[mpmd] Merge inferred fragments inline in UniquifyFunctionInputsOutputsPass.

petebu · copybara-github · commit f40dce328ad1 · 2026-05-29T11:38:29.000-07:00
Instead of running a separate MergeInferredFragmentsPass after uniquify,
merge each newly created inferred fragment into an existing same-mesh
fragment directly within the pass. Removes the separate pass from the
export pipeline.

PiperOrigin-RevId: 908184894
diff --git a/shardy/dialect/mpmd/transforms/common/passes.td b/shardy/dialect/mpmd/transforms/common/passes.td
@@ -450,6 +450,10 @@ def UniquifyFunctionInputsOutputsPass :
     Similarly, if a function returns a block argument, this pass creates an
     identity fragment for that block argument, guaranteeing that values are
     passed by value to the function, not by reference.
+
+    Additionally, when not using transfers, the pass will attempt to merge
+    each newly created inferred fragment into an existing same-mesh fragment
+    to reduce the total number of fragments.
   }];
 
   let options = [
diff --git a/shardy/dialect/mpmd/transforms/common/test/uniquify_function_inputs_outputs_with_reshard.mlir b/shardy/dialect/mpmd/transforms/common/test/uniquify_function_inputs_outputs_with_reshard.mlir
@@ -26,11 +26,9 @@ func.func @no_work_needed(%arg0: !mesh_1_tensor, %arg1: !mesh_2_tensor) -> (!mes
 func.func @single_mesh_one_return_operand(%arg0: !mesh_1_tensor) -> (!mesh_1_tensor, !mesh_1_tensor, !mesh_1_tensor) attributes {
   "topology"=#mpmd.topology<<"m1": <["x"=2]>>>
 } {
-  // CHECK-NEXT: %[[F1:.*]] = mpmd.fragment<mesh="m1", origin=["f1"]>
-  // CHECK:      %[[F2:.*]] = mpmd.fragment<mesh="m1", origin=["f2"]>
-  // CHECK:      %[[UF:.*]]:2 = mpmd.fragment<mesh="m1", origin=[]> (%[[F1]]) {mpmd.inferred_by = ["uniquify"]} (%arg1: tensor<4xf32>) {
-  // CHECK:         mpmd.return %arg1, %arg1 : tensor<4xf32>, tensor<4xf32>
-  // CHECK:      %[[F2]], %[[UF]]#0, %[[UF]]#1
+  // CHECK-NEXT: %[[F1:.*]]:3 = mpmd.fragment<mesh="m1", origin=["f1"]>
+  // CHECK:      %[[F2:.*]] = mpmd.fragment<mesh="m1", origin=["f2"]> (%[[F1]]#0)

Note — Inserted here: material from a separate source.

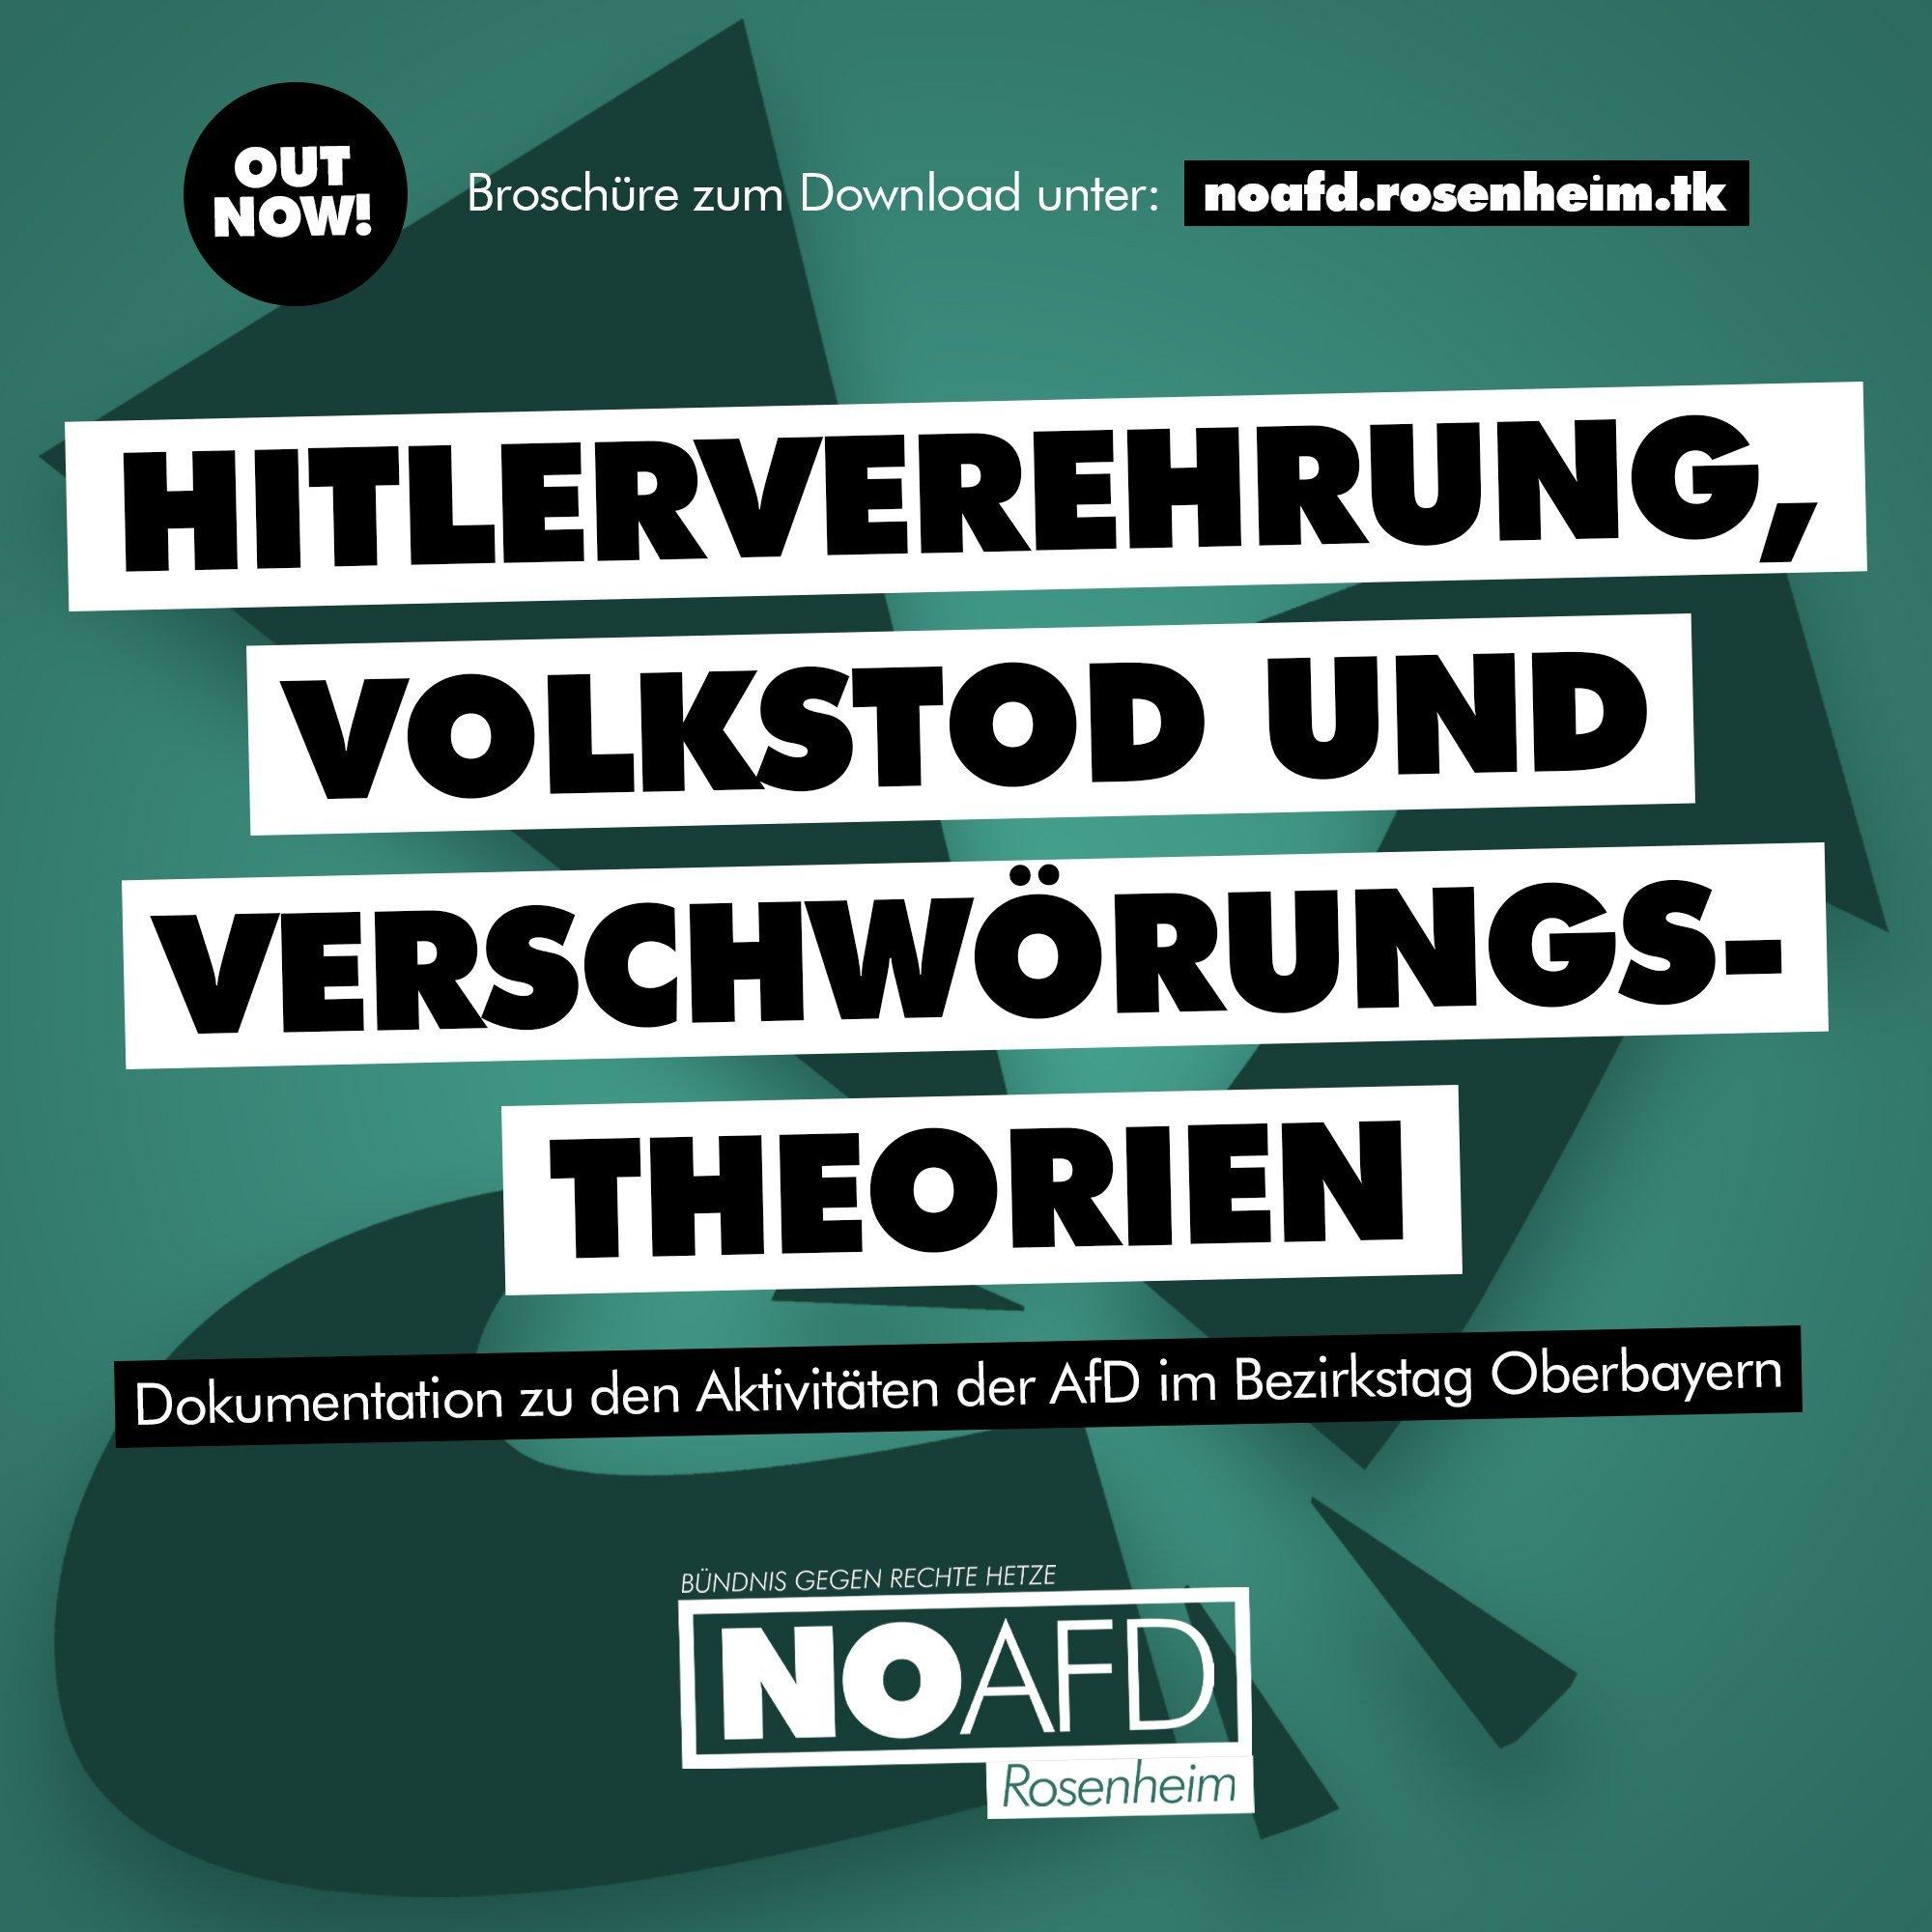 Broschüre zur AfD im Bezirkstag Oberbayern veröffentlicht

+  // CHECK:      return %[[F2]], %[[F1]]#1, %[[F1]]#2
   %0 = mpmd.fragment<mesh="m1", origin=["f1"]> (%arg0) (%arg1: tensor<4xf32>) {
     %1 = stablehlo.add %arg1, %arg1 : tensor<4xf32>
     mpmd.return %1 : tensor<4xf32>
@@ -48,11 +46,8 @@ func.func @needs_fragment_for_m1_with_many_values(%arg0: !mesh_1_tensor, %arg1:
 } {
   // CHECK-NEXT: %[[F1:.*]] = mpmd.fragment<mesh="m1", origin=["f1"]>
   // CHECK:      %[[F2:.*]] = mpmd.fragment<mesh="m2", origin=["f2"]>
-  // CHECK:      %[[F3:.*]] = mpmd.fragment<mesh="m1", origin=["f3"]>
-  // CHECK:      %[[UF:.*]]:5 = mpmd.fragment<mesh="m1", origin=[]> (%[[F1]], %[[F3]]) {mpmd.inferred_by = ["uniquify"]} (%[[A1:.*]]: tensor<4xf32>, %[[A2:.*]]: tensor<4xf32>)

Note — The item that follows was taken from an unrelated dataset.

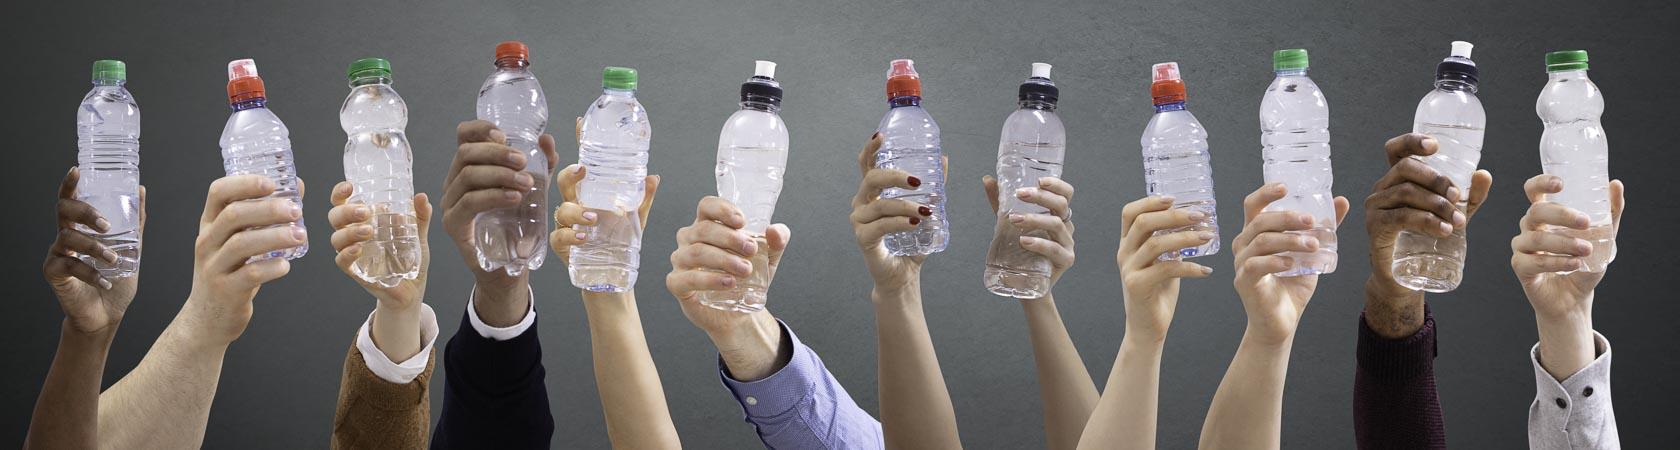 Wasserspender bei Kip

-  // CHECK-NEXT:   mpmd.return %[[A1]], %[[A1]], %[[A2]], %[[A2]], %[[A2]]
-  // CHECK-NEXT: }
-  // CHECK-NEXT: return %[[F2]], %[[UF]]#0, %[[UF]]#2, %[[UF]]#1, %[[UF]]#3, %[[UF]]#4
+  // CHECK:      %[[F3:.*]]:5 = mpmd.fragment<mesh="m1", origin=["f3"]> (%[[F1]], %arg0)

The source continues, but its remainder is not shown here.